Problem requirements — Line by line, retype the material exactly and leave each picture out.

Dataset content —
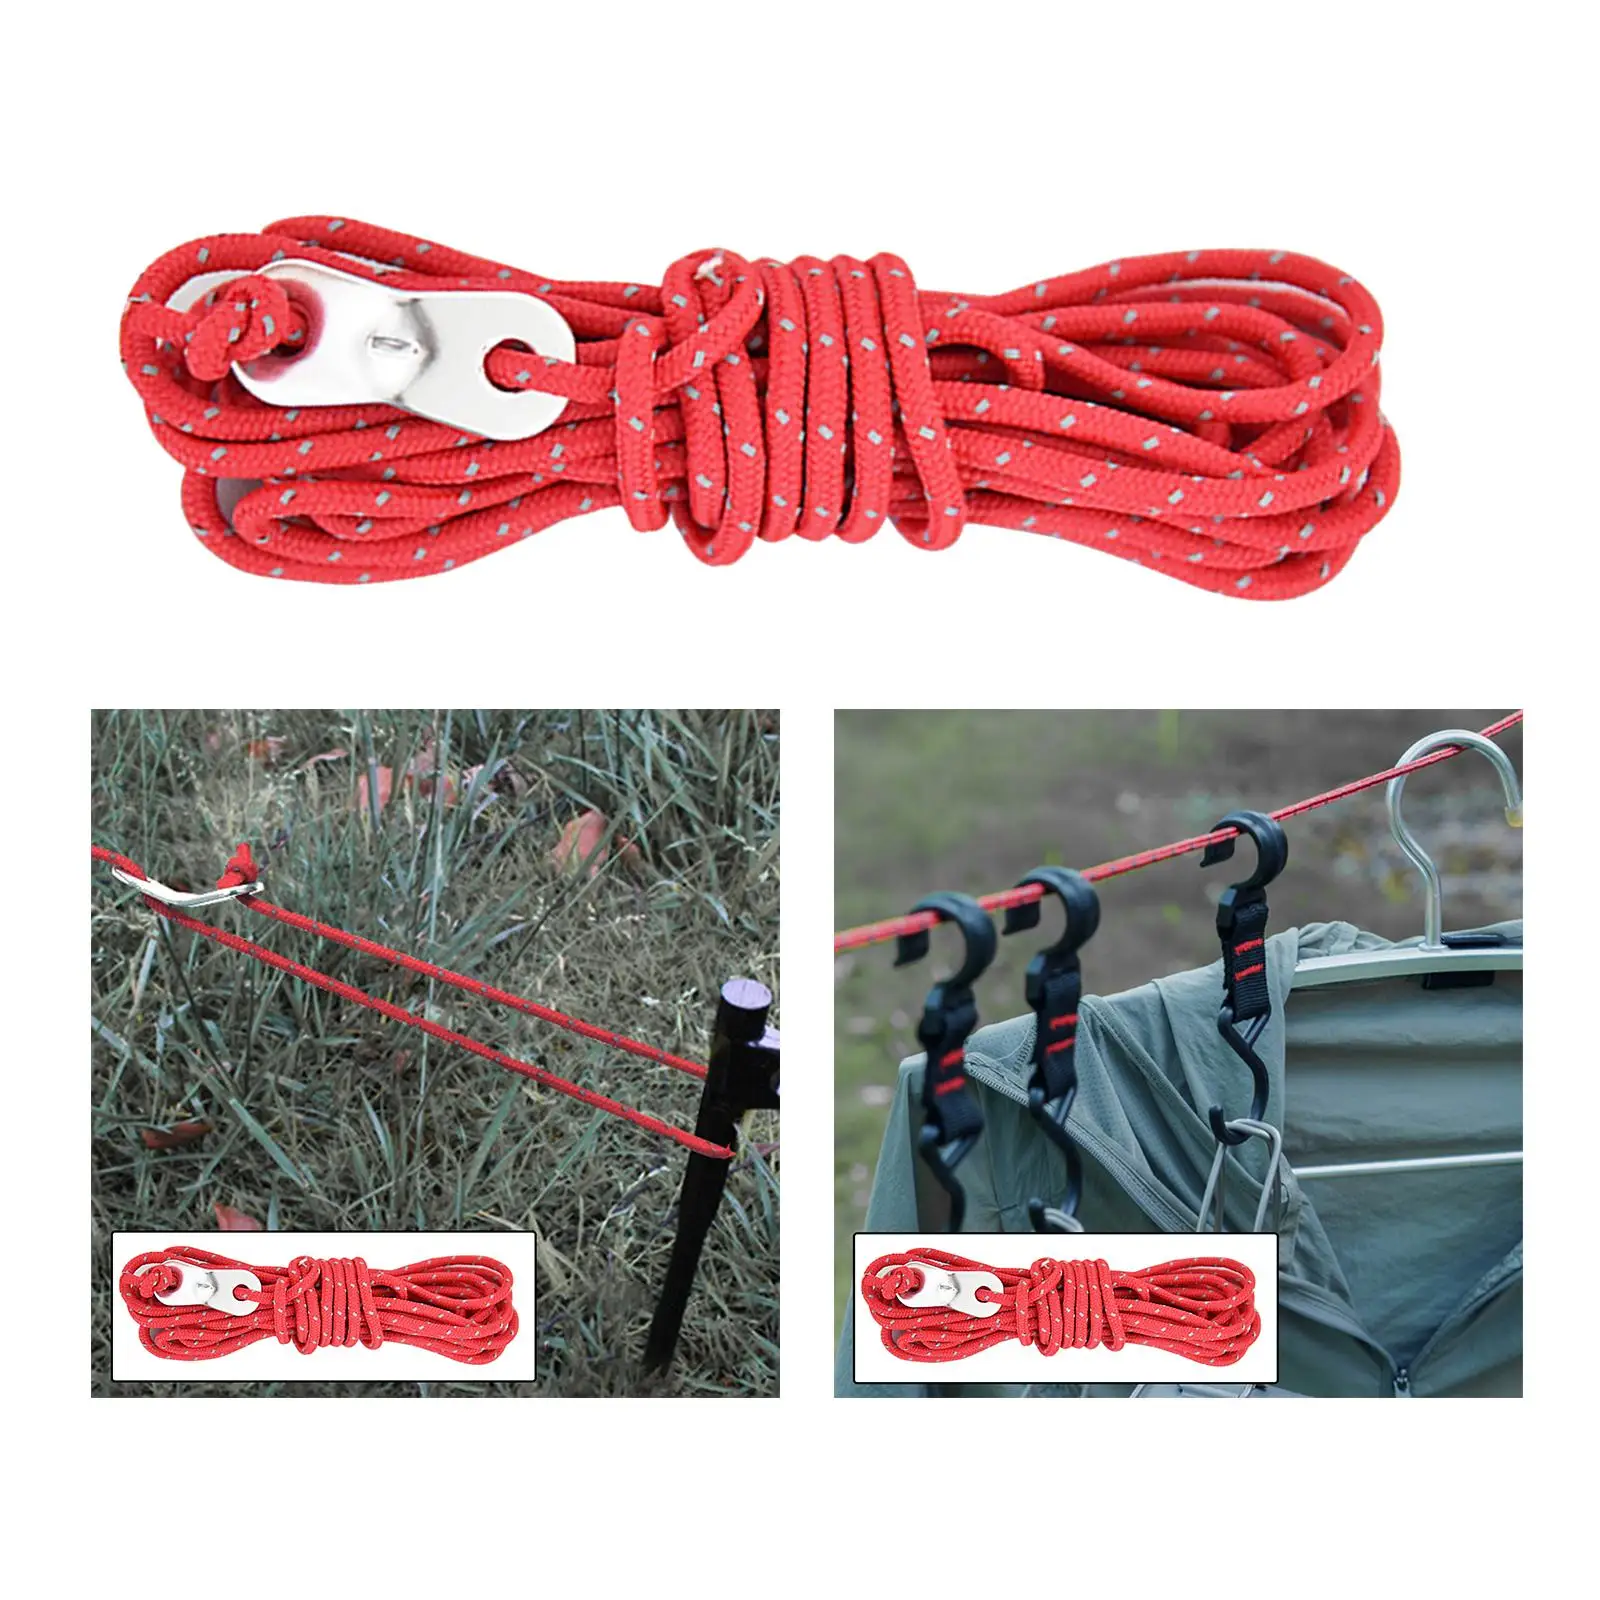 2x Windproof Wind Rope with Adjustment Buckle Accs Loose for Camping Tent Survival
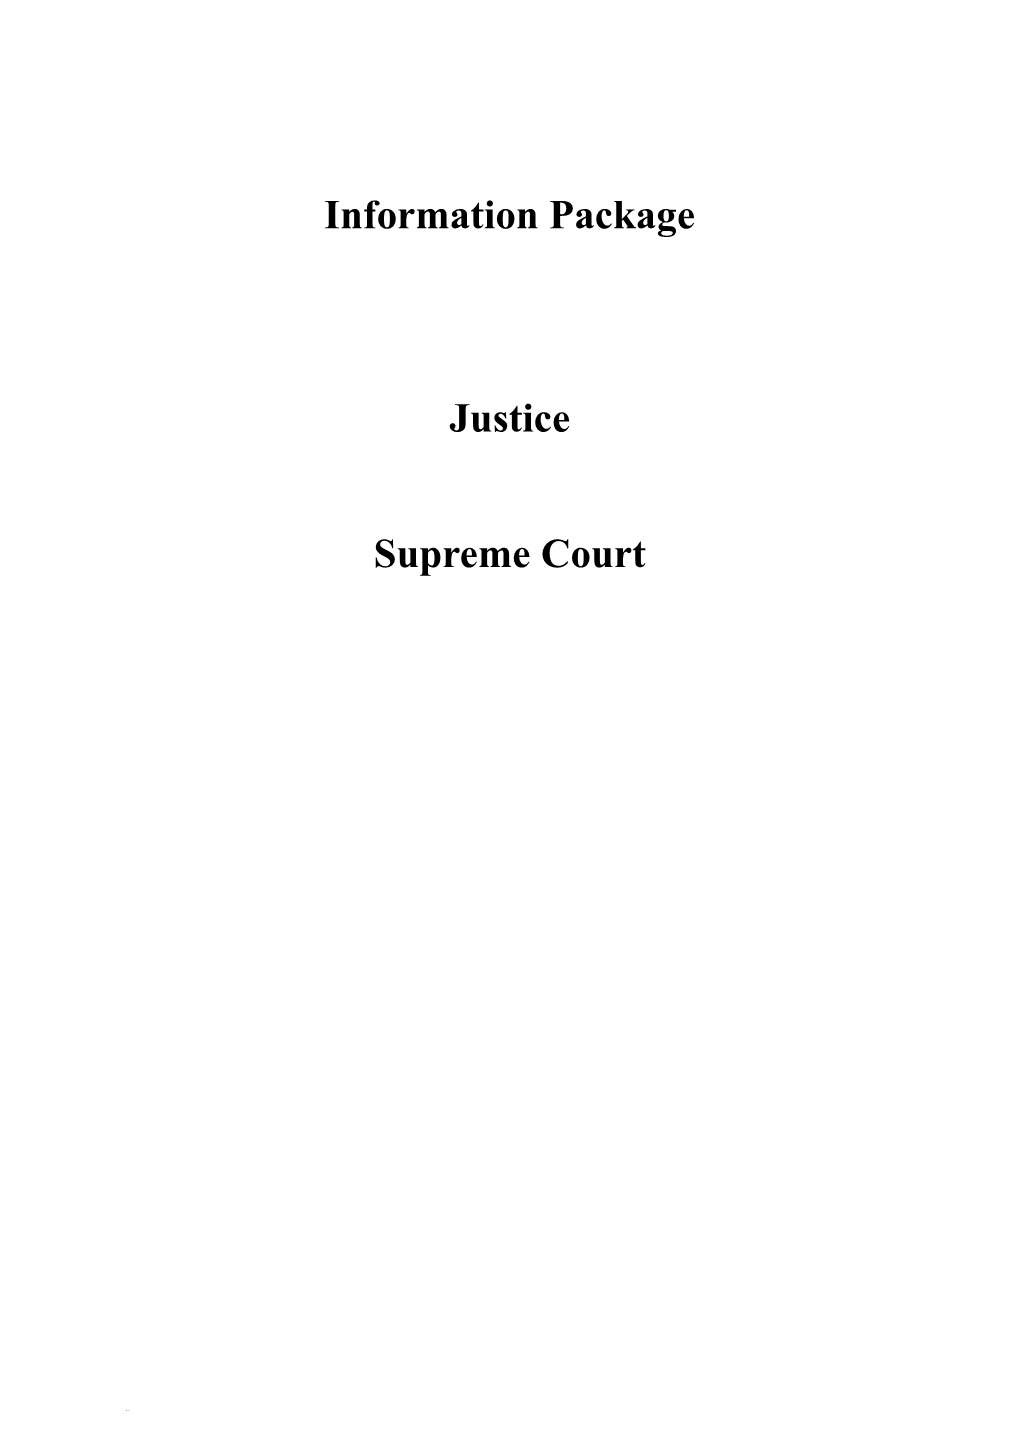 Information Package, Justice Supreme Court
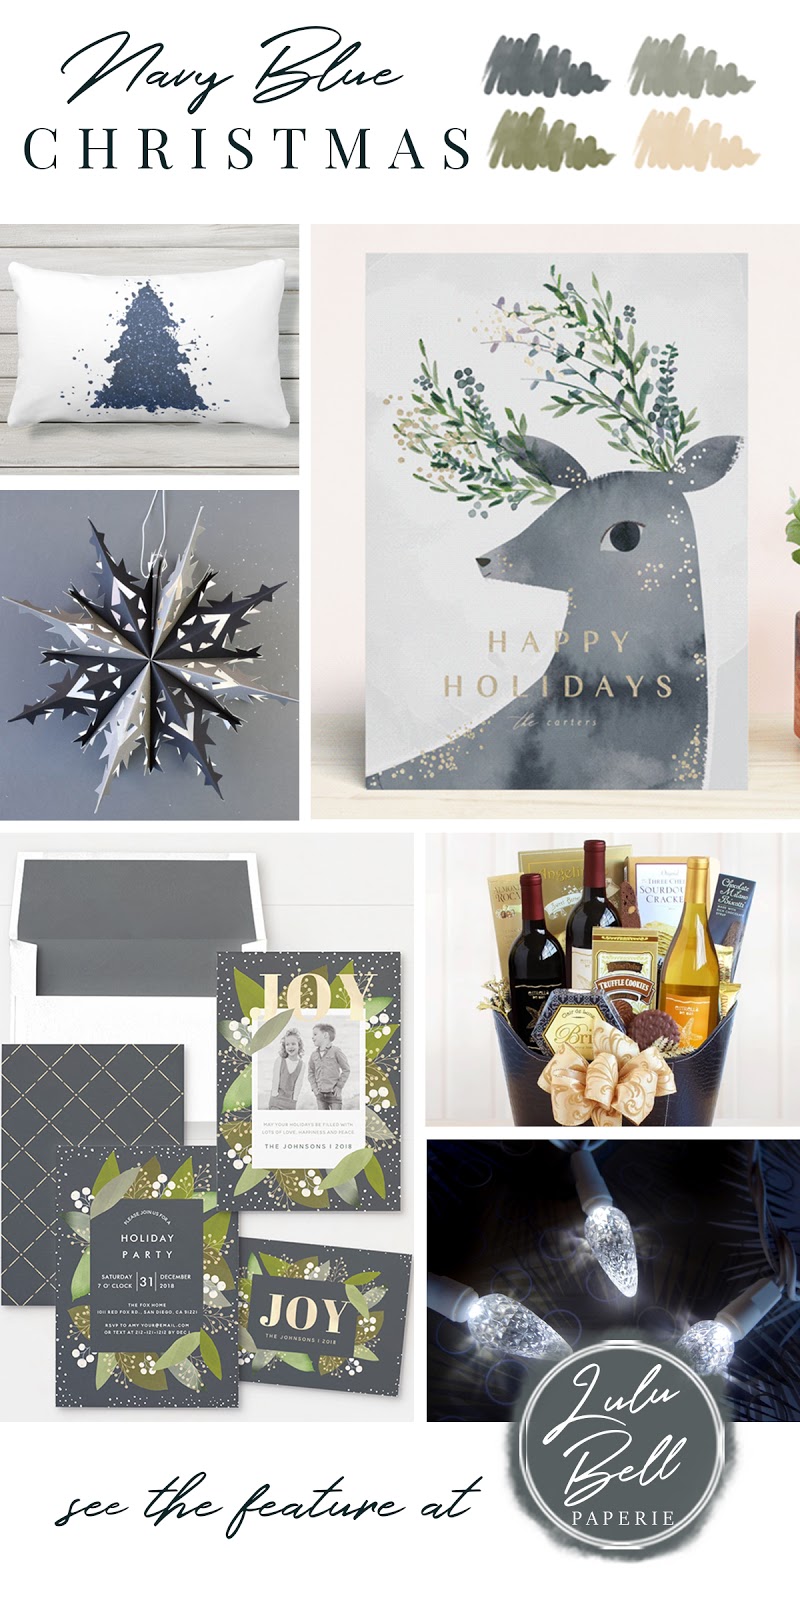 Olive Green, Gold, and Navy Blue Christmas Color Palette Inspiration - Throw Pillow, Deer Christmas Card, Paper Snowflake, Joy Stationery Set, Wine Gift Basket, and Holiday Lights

Reply —
 2x Windproof Wind Rope with Adjustment Buckle Accs Loose for Camping Tent Survival
 Information Package, Justice Supreme Court
 Olive Green, Gold, and Navy Blue Christmas Color Palette Inspiration - Throw Pillow, Deer Christmas Card, Paper Snowflake, Joy Stationery Set, Wine Gift Basket, and Holiday Lights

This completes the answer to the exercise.